Discomfort Can Lead To Growth


This blog has documented the changes I've gone through over the last 7 years or so. I've grown quite a bit as a person. My world view, how I perceive others, and how I perceive myself has changed drastically. Its been quite interesting to look back at who I was and where I've come from and compare that version of me to who I am now. I think the changes are good. Great even. What I've concluded is that comfort leads to stagnation and deterioration. The best comfort can lead to is the status quo. However, the negative end of the comfort spectrum ends with death of the soul, if not the body.

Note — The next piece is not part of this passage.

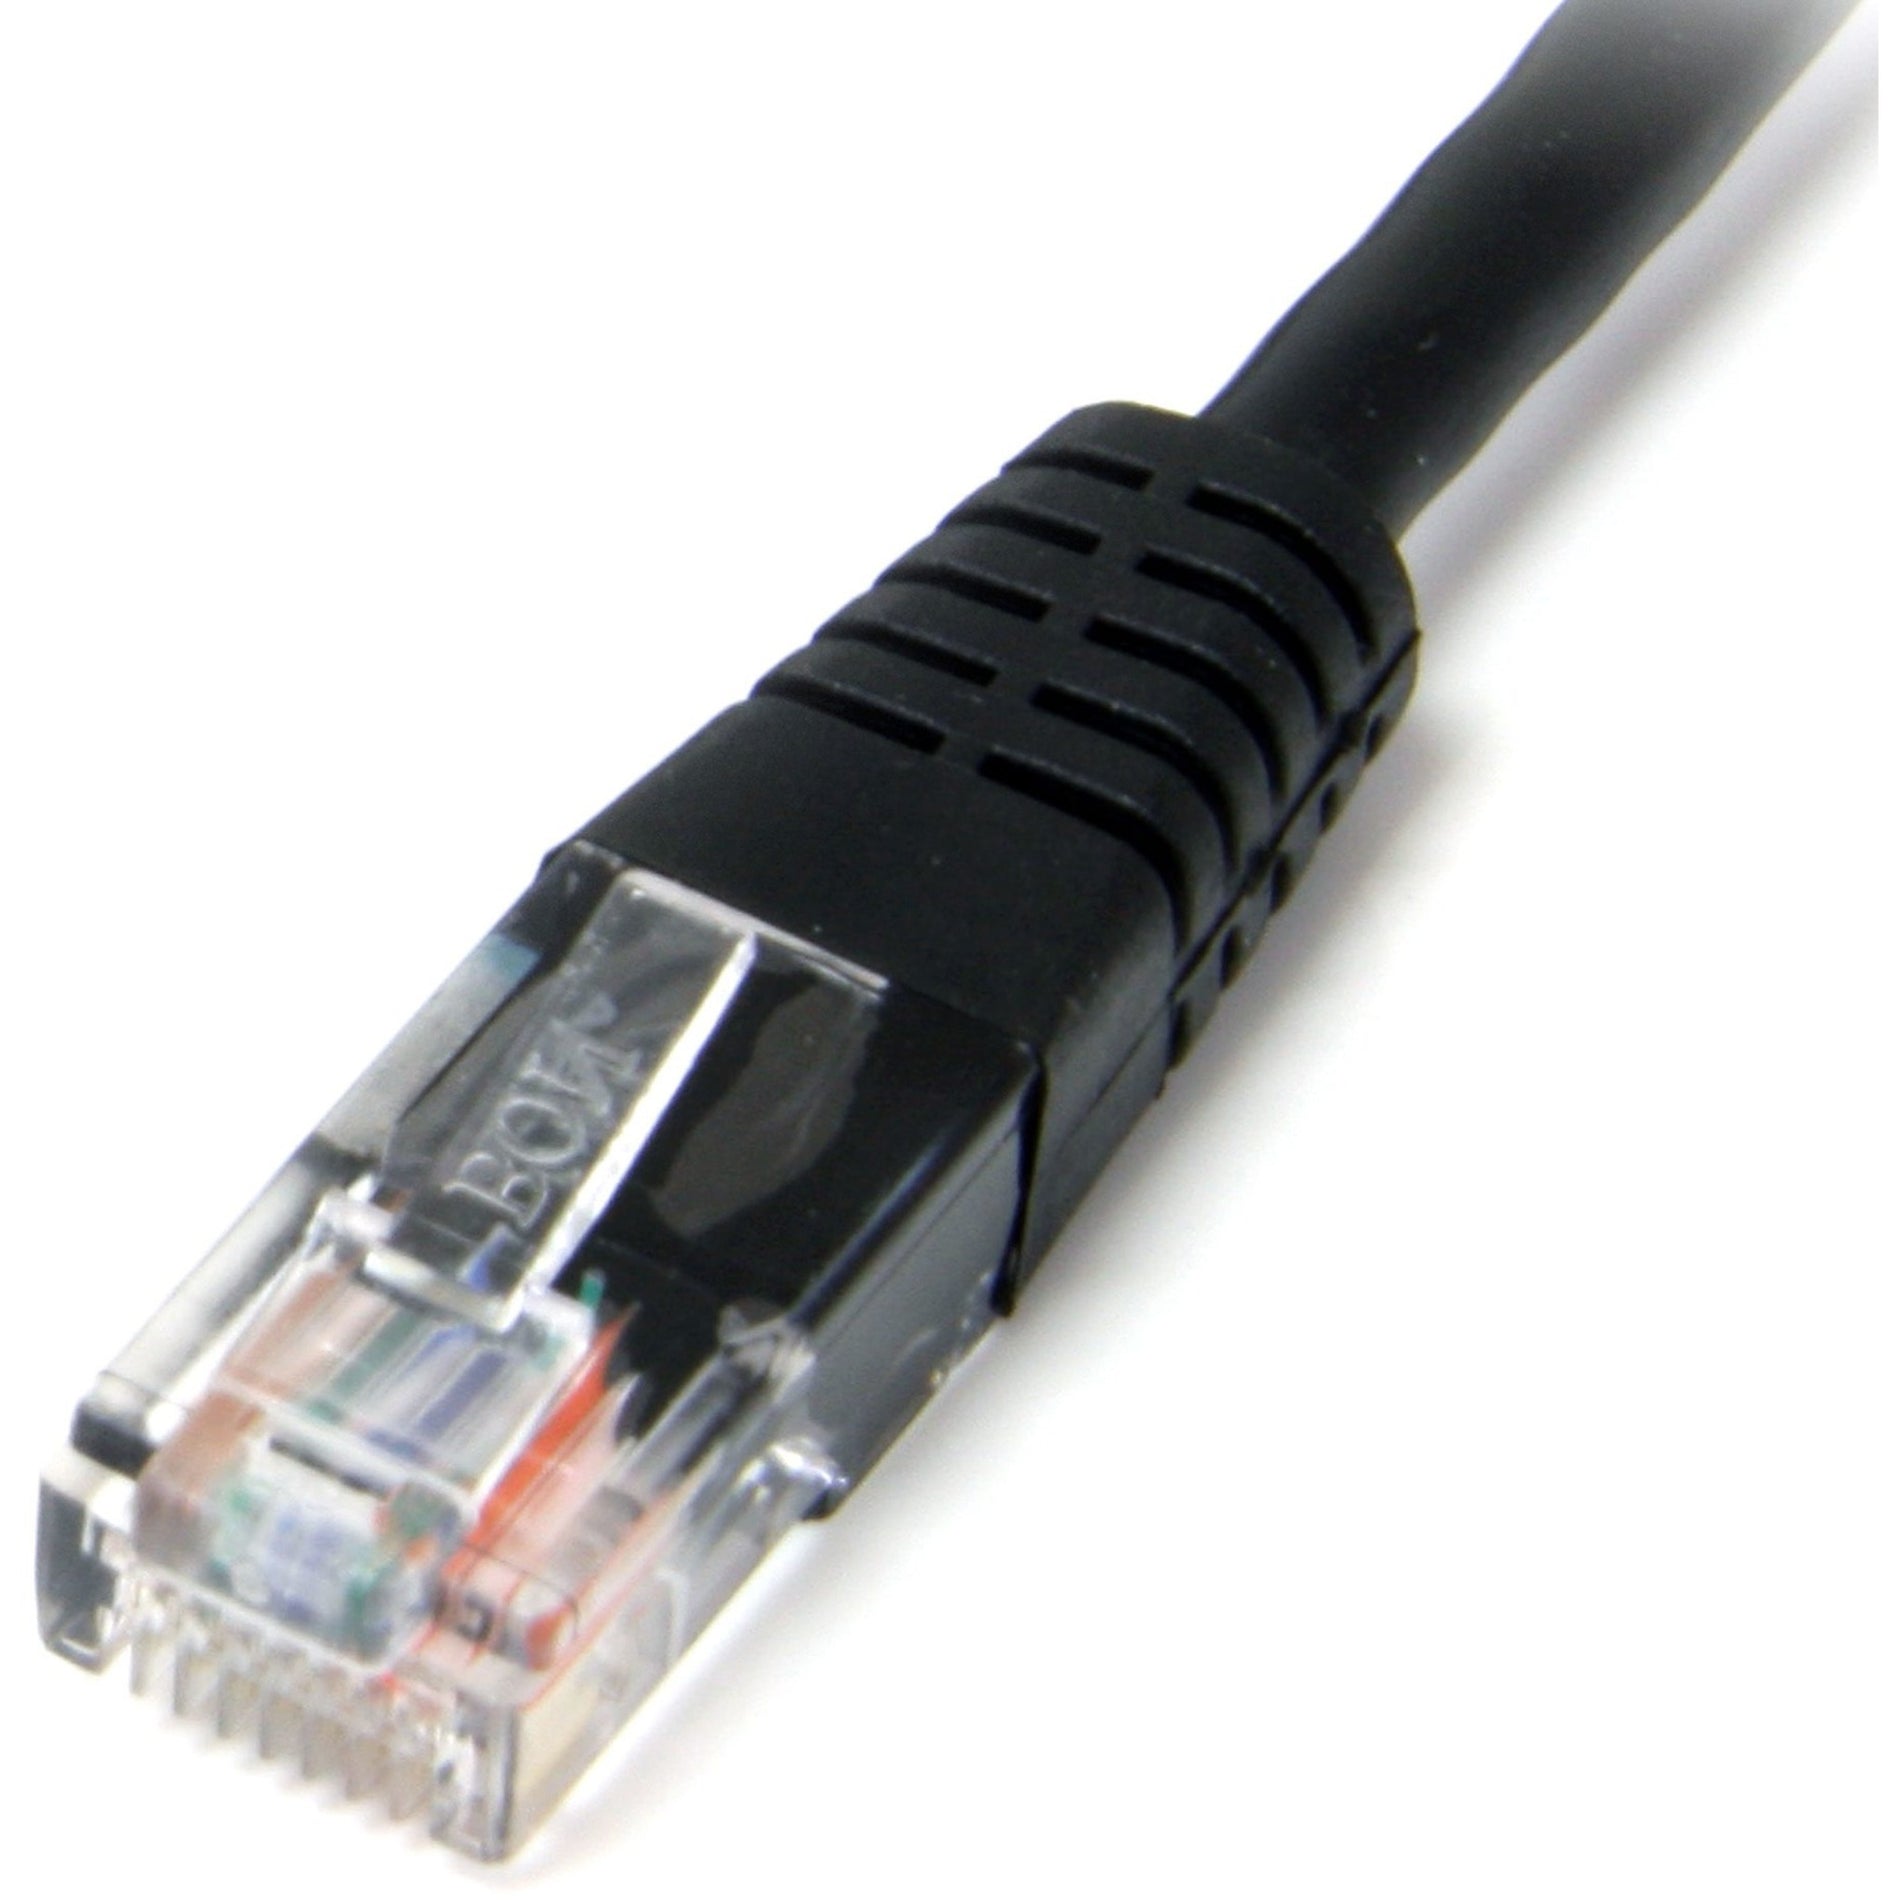 StarTech.com M45PATCH3BK Cat. 5E UTP Patch Cable, 3 ft Black Molded, Lifetime Warranty

Growth only comes through the discomfort of trials. When I first started this blog I was deeply dissatisfied with my personal development. I suffered from Social Anxiety, I was incredibly shy and I was/still am an introvert. These obstacles left with me with only 2 options. I could learn to accept this disabling fear and live with it. I could seek out a life of comfort, which would have meant essentially living as a hermit. No friends. No social activities. No interaction with the world outside the necessities of life. I could avoid my fears and live a comfortably pathetic life. Or I could do whatever it took to overcome these obstacles in my life. It was very uncomfortable confronting my fears and putting in the necessary effort to grow beyond my limitations at the time. However, now that I am on the other side I can say with certitude that any discomfort I felt at the time is more than compensated for by the place I am in now.

It frustrates me to see people limiting themselves, seeking out immediate relief from discomfort instead of allowing that discomfort to lead to growth. The guy who climbs a mountain doesn't give up and go home because it got cold out. He puts on another layer and keeps climbing. The band that releases a hit song likely had a lot of flops that preceded it. The lady that loses 100 pounds didn't retreat to the kitchen with a spoon and a bucket of ice cream. It took self control and many uncomfortable trips to the gym. These are all real people I know. They could have retreated to a warm home, a boring profession, or a bakery and found comfort but they didn't. They persevered through their discomfort and changed their circumstances.

There's always two options. Retreat or press on. One is much more comfortable. The other leads to victory. The choice is always yours.